Monte Carlo is a good sampling strategy for polynomial approximation in high dimensions

This paper concerns the approximation of smooth, high-dimensional functions from limited samples using polynomials. This task lies at the heart of many applications in computational science and engineering - notably, some of those arising from parametric modelling and computational uncertainty quantification. It is common to use Monte Carlo sampling in such applications, so as not to succumb to the curse of dimensionality. However, it is well known that such a strategy is theoretically suboptimal. Specifically, there are many polynomial spaces of dimension $n$ for which the sample complexity scales log-quadratically, i.e., like $c \cdot n^2 \cdot \log(n)$ as $n \rightarrow \infty$. This well-documented phenomenon has led to a concerted effort over the last decade to design improved, and moreover, near-optimal strategies, whose sample complexities scale log-linearly, or even linearly in $n$. In this work we demonstrate that Monte Carlo is actually a perfectly good strategy in high dimensions, despite its apparent suboptimality. We first document this phenomenon empirically via a systematic set of numerical experiments. Next, we present a theoretical analysis that rigorously justifies this fact in the case of holomorphic functions of infinitely-many variables. We show that there is a least-squares approximation based on $m$ Monte Carlo samples whose error decays algebraically fast in $m/\log(m)$, with a rate that is the same as that of the best $n$-term polynomial approximation. This result is non-constructive, since it assumes knowledge of a suitable polynomial subspace in which to perform the approximation. We next present a compressed sensing-based scheme that achieves the same rate, except for a larger polylogarithmic factor. This scheme is practical, and numerically it performs as well as or better than well-known adaptive least-squares schemes.

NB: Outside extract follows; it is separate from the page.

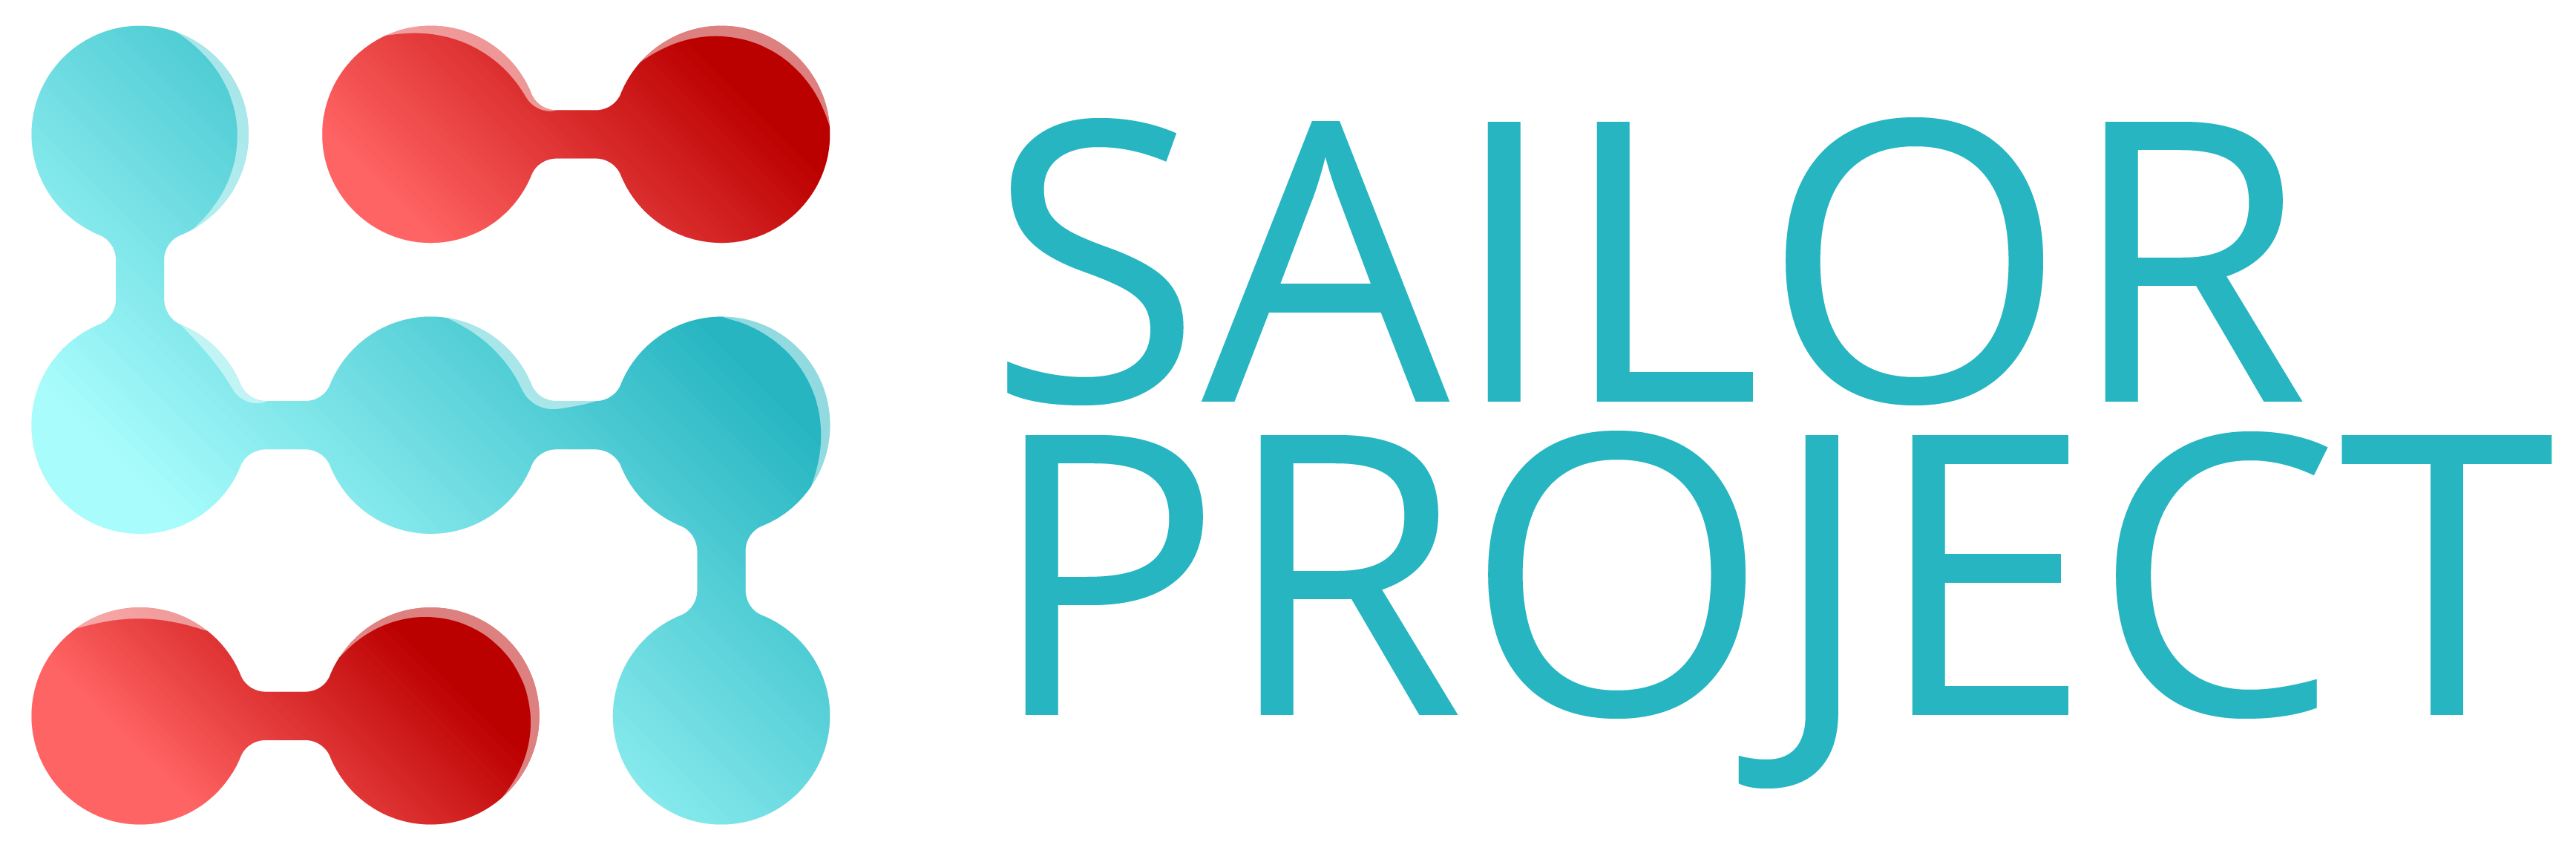 Sailor Project logo

翻译：本文关注利用多项式从有限样本中逼近光滑高维函数的问题。该任务是计算科学与工程众多应用的核心——尤其是涉及参数化建模和计算不确定性量化的场景。此类应用中通常采用蒙特卡洛采样以避免维数灾难，然而此策略在理论上已知具有次优性。具体而言，存在大量维数为$n$的多项式空间，其样本复杂度呈对数二次缩放，即当$n \rightarrow \infty$时复杂度约为$c \cdot n^2 \cdot \log(n)$。这一长期记录的现象促使过去十年学界致力于设计改进的、乃至接近最优的策略，其样本复杂度可实现对数线性甚至线性于$n$的缩放。然而本文证明：尽管蒙特卡洛表面次优，在高维场景中它实际上是完全良好的策略。我们首先通过系统性数值实验从经验上验证该现象，继而针对无限变量全纯函数给出严格理论分析。我们证明：基于$m$个蒙特卡洛样本的最小二乘逼近能以$m/\log(m)$的代数衰减速率收敛，该速率与最佳$n$项多项式逼近一致。此结果虽为非构造性的（需要预知某个合适的多项式子空间用于逼近），我们进一步提出了基于压缩感知的实用化方案，除较大的多对数因子外可实现相同收敛速率。该方案不仅具有实用性，数值表现亦优于或等同于知名的自适应最小二乘方法。